The Beekeeper's Lament: How One Man and Half a Billion Honey Bees Help Feed America by Hannah NordhausMy rating: 4 of 5 stars
Recent headlines about the worldwide collapse of bee populations, and the impact that has on apiarists and agricultural interests here in the United States, get a full examination in this fun and extensive book.
By "full examination," I mean "full." This book goes on and on and on.
Not without merit, mind you; John Miller, the protagonist and primary source for this book, is an interesting character, and one can't help but be enthralled with the story of how a handful of large operators are fundamentally responsible for keeping flowering crops producing.
Hanna Nordhaus' key points:
-- It is the very nature of large operations, and the profit motives that keep them operating, that are stressing bees, have essentially led to the elimination of feral bees in the United States, and drive significant annual losses that threaten bee populations.

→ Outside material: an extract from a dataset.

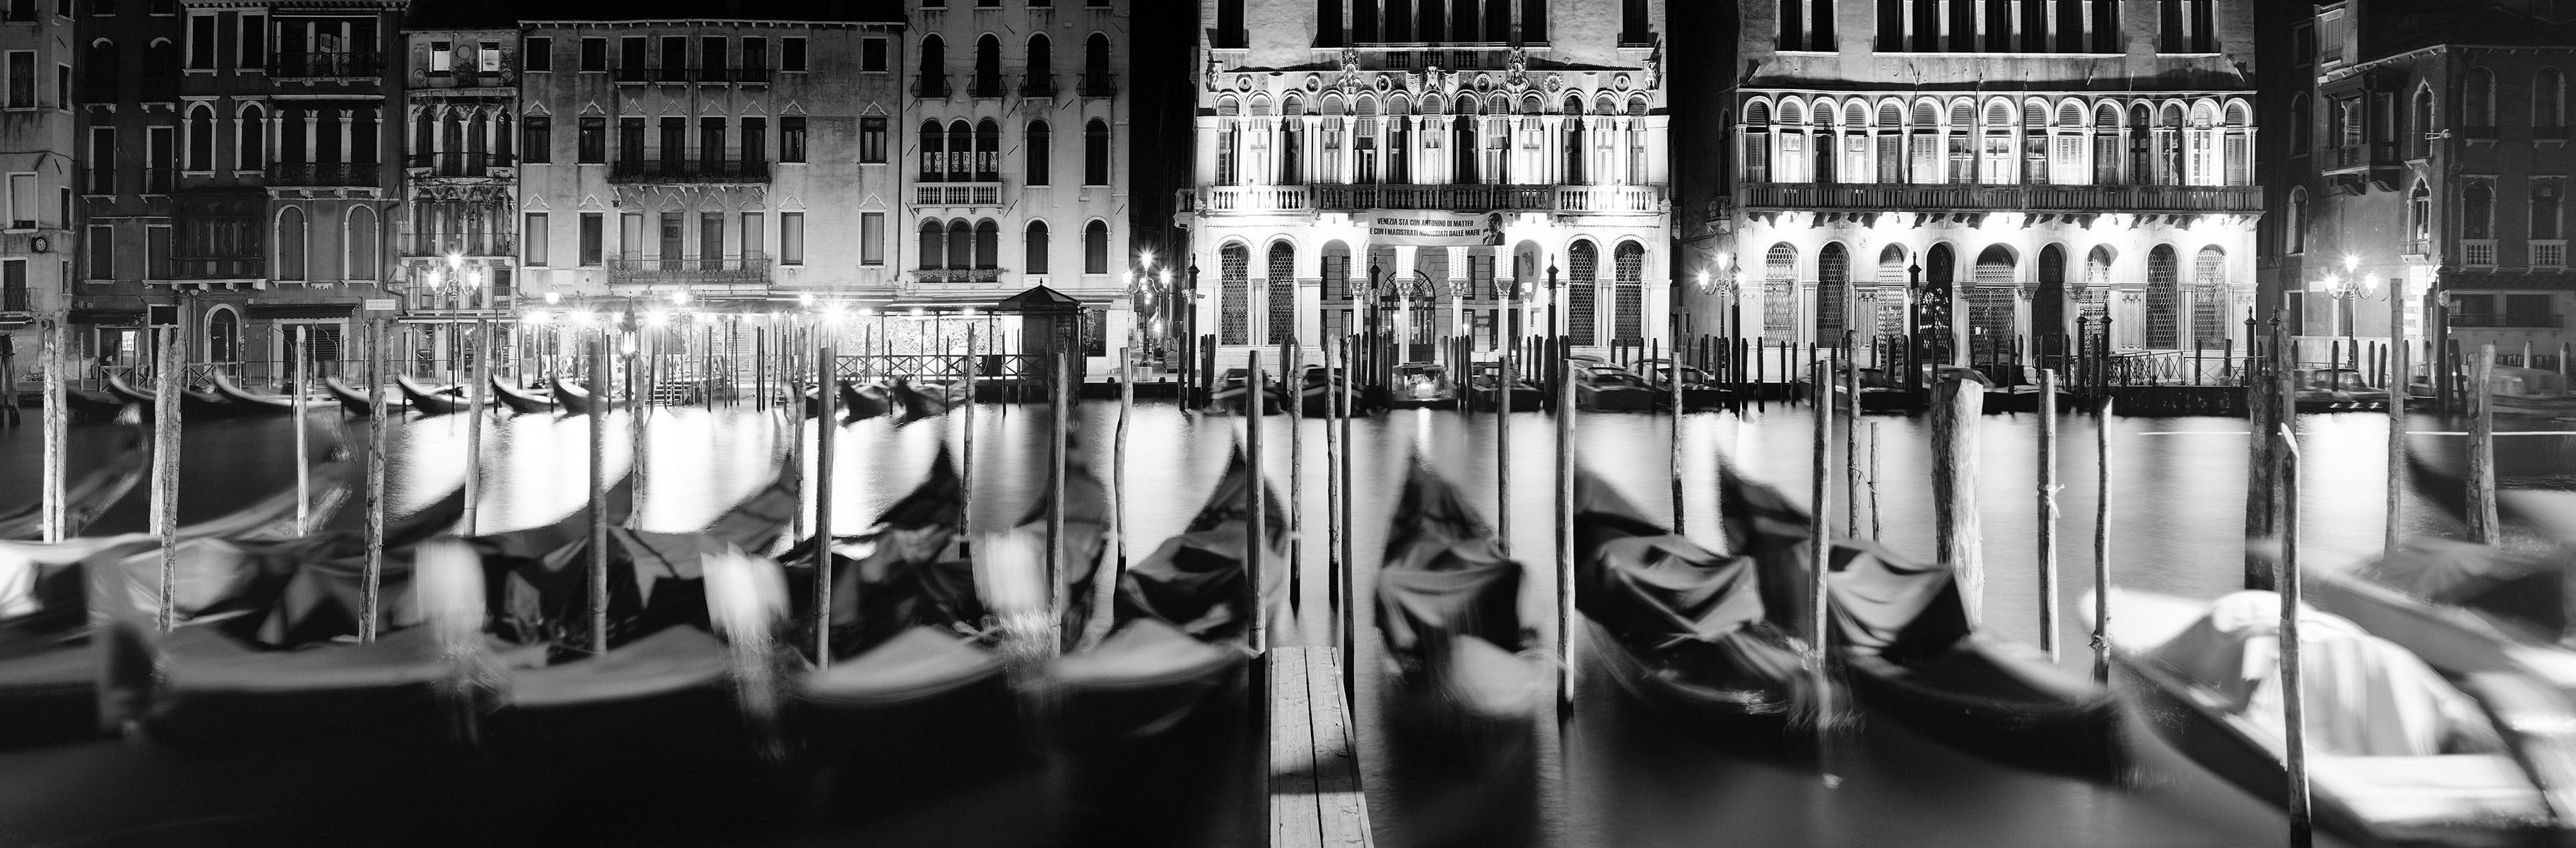 Étude de nuit Gondola n°1, Venise, photographies d'art en noir et blanc, paysage

-- There's no clear answer as to what has caused the collapse of bee colonies worldwide. It seems a combination of parasites, pesticides and year-round schedules that don't afford bees the downtime they need.
-- It's hard to make a living as a commercial apiarist. Commercial and practical pressures are plentiful; operating margins are tight.
-- There are some fascinating characters involved in the bee industry, and even more fascinating efforts afoot to preserve bees from what seems to be their perennial wont to die off en masse.
I felt this work was too long by half. It is an extraordinary piece of journalism, and had it been presented as a magazine article, I would have felt cheated. But at 291 pages, it occasionally wanders; and points which could have been made succinctly were needlessly drawn out.
That said, I'm not at all sorry for having read this, and would recommend it to anyone interested in science, nature, biographies and just good reads in general.